* _STORED DATA_

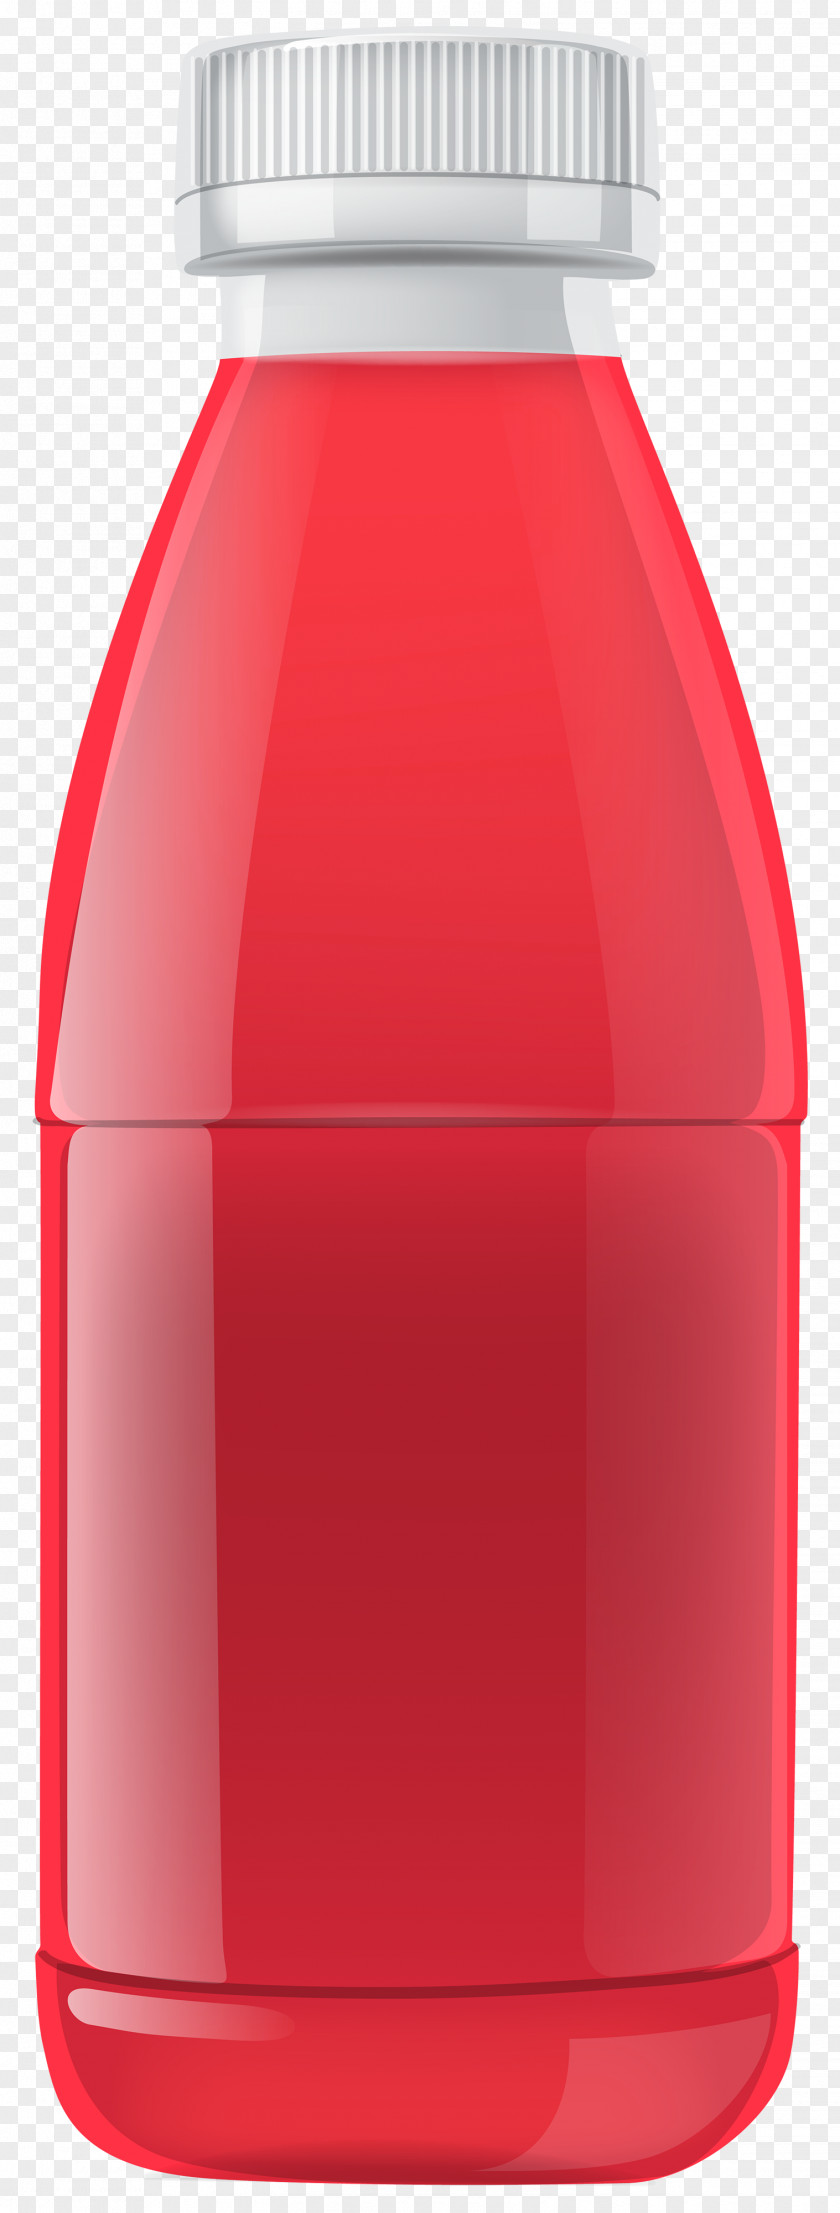 Fruit Juices Juice Water Bottles Clip Art PNG
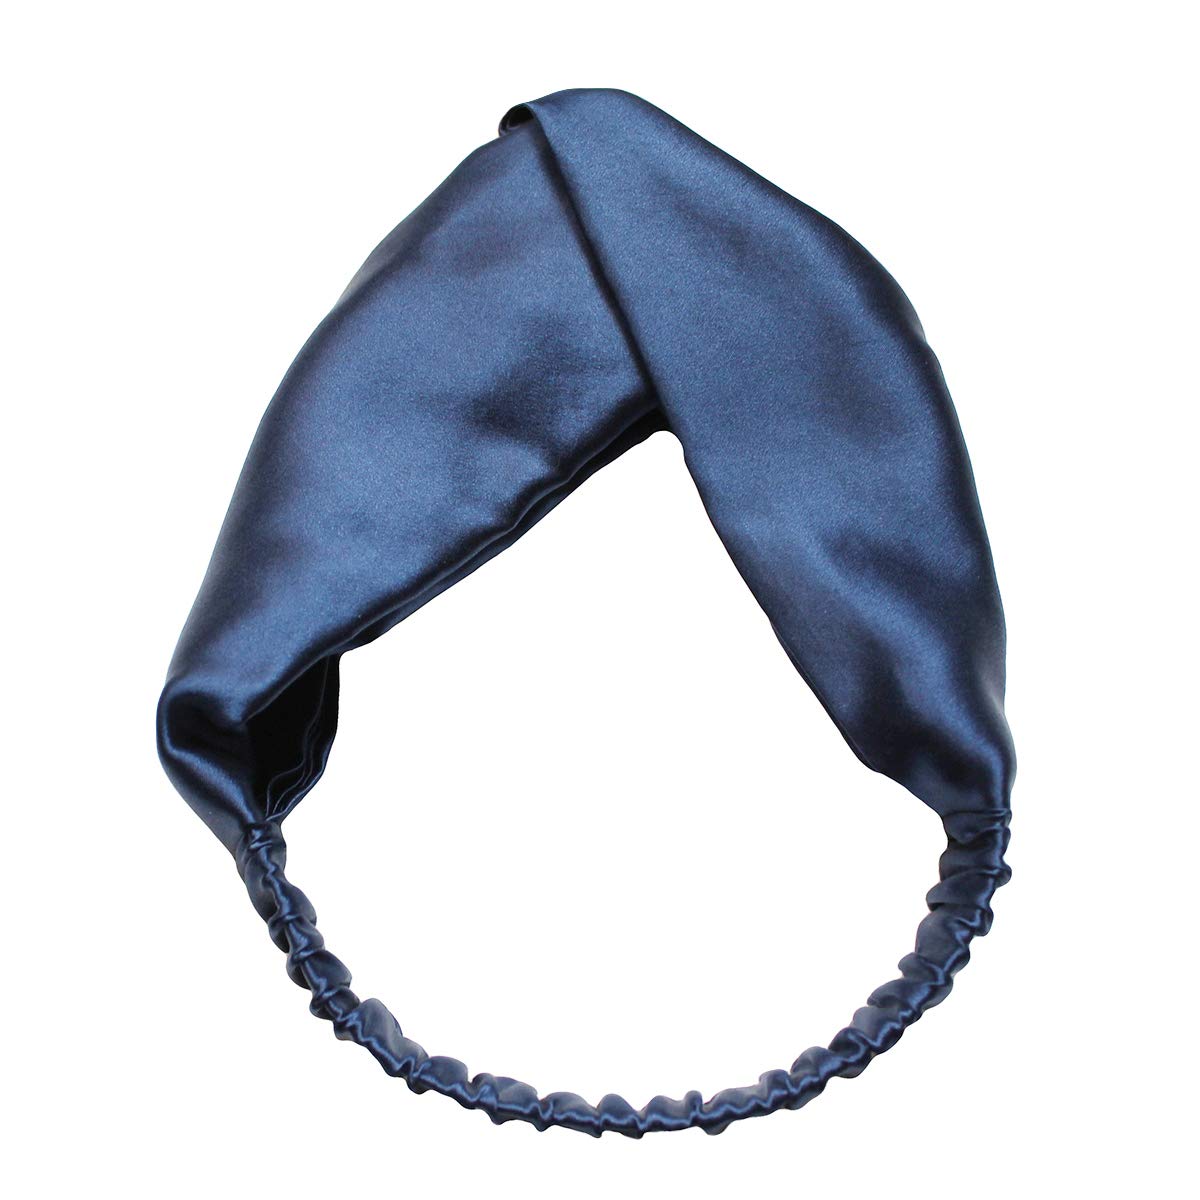 100% Silk Knot Headband
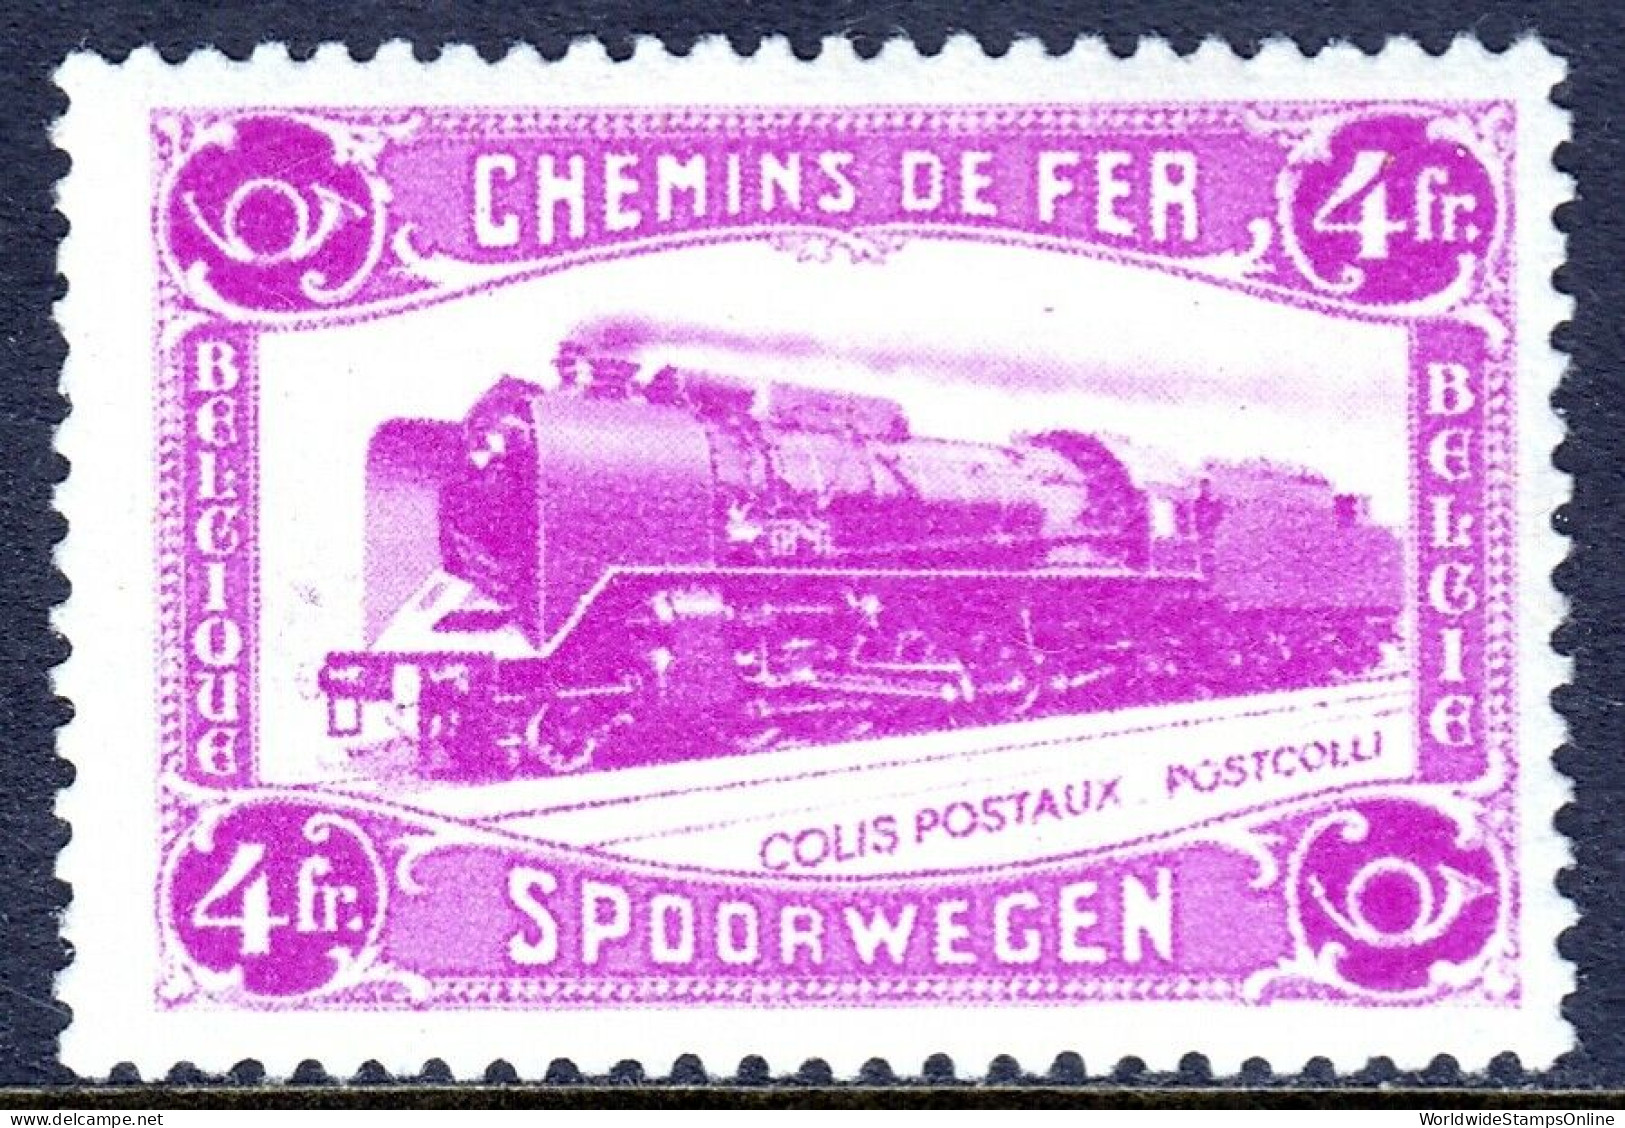 BELGIUM — SCOTT Q182 — 1934 4fr RAILWAY ISSUE — MH — SCV $9.50 - Postfris
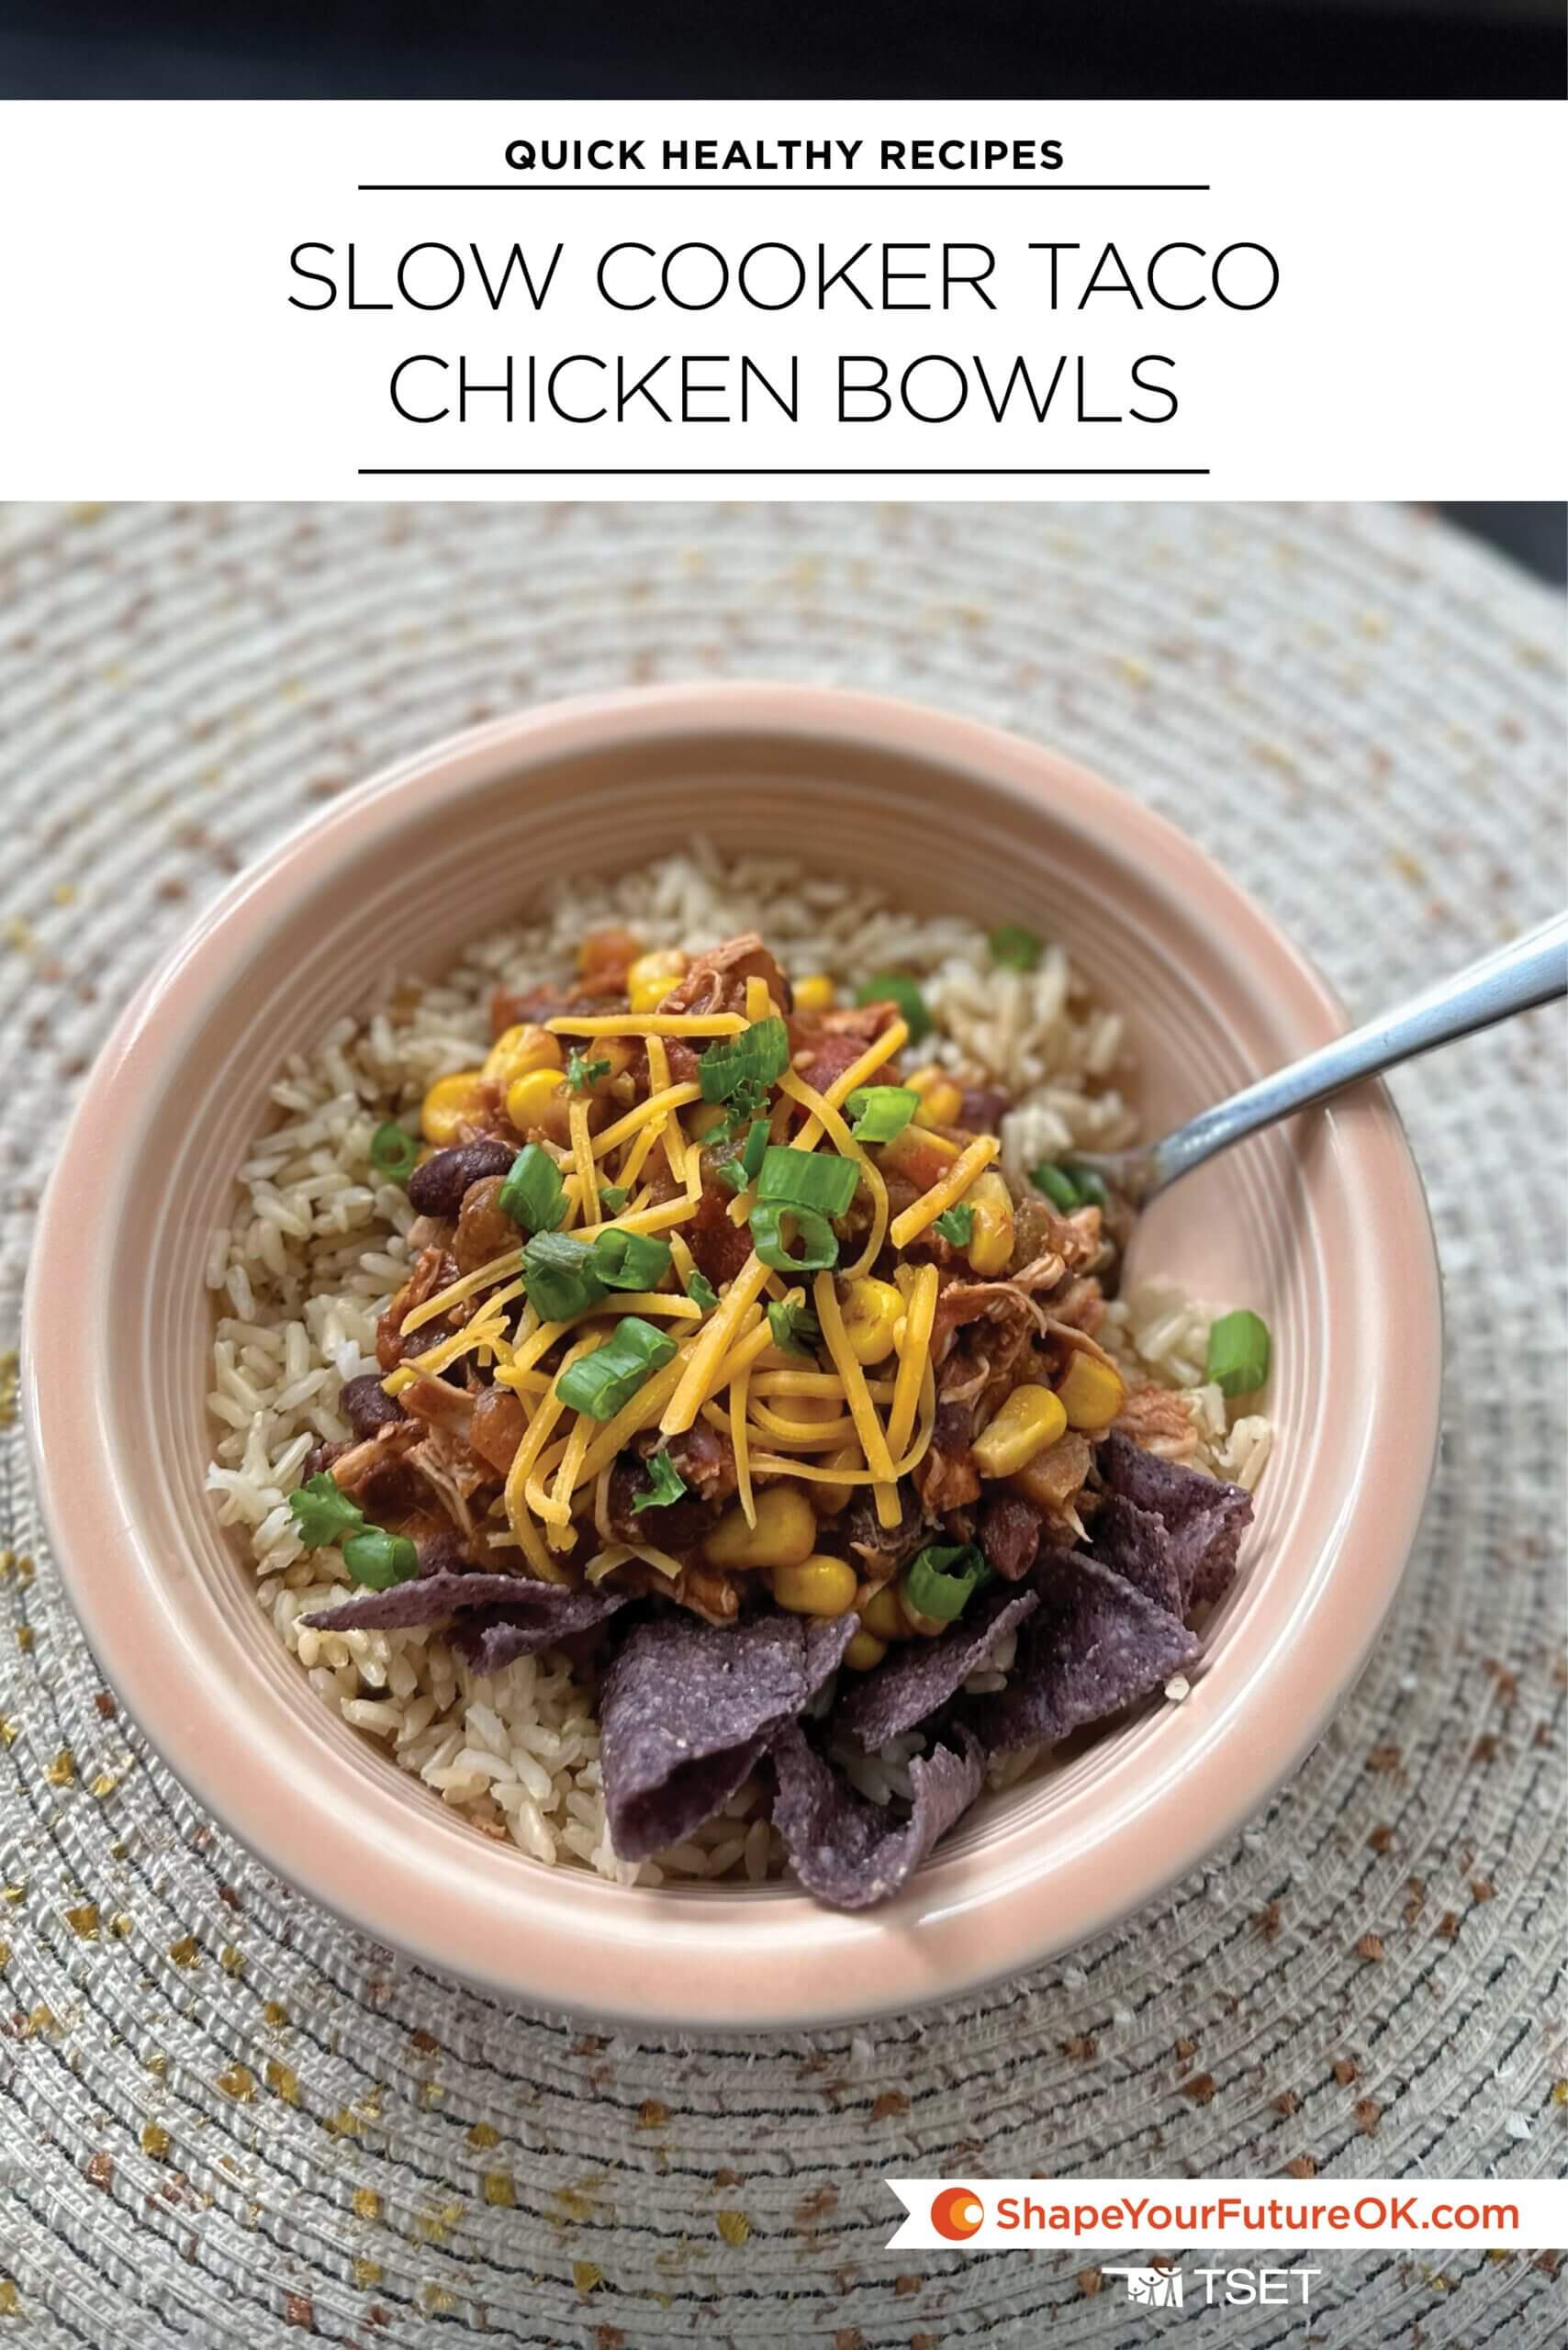 Taco Chicken Bowls recipe

* _THE TASK_
Print exactly the span of lines that begins with the line containing "BELGIUM — SCOTT" and ends with the last line of the listing, with no pictures.

* _OUTPUT BELOW_
 BELGIUM — SCOTT Q182 — 1934 4fr RAILWAY ISSUE — MH — SCV $9.50 - Postfris
 Taco Chicken Bowls recipe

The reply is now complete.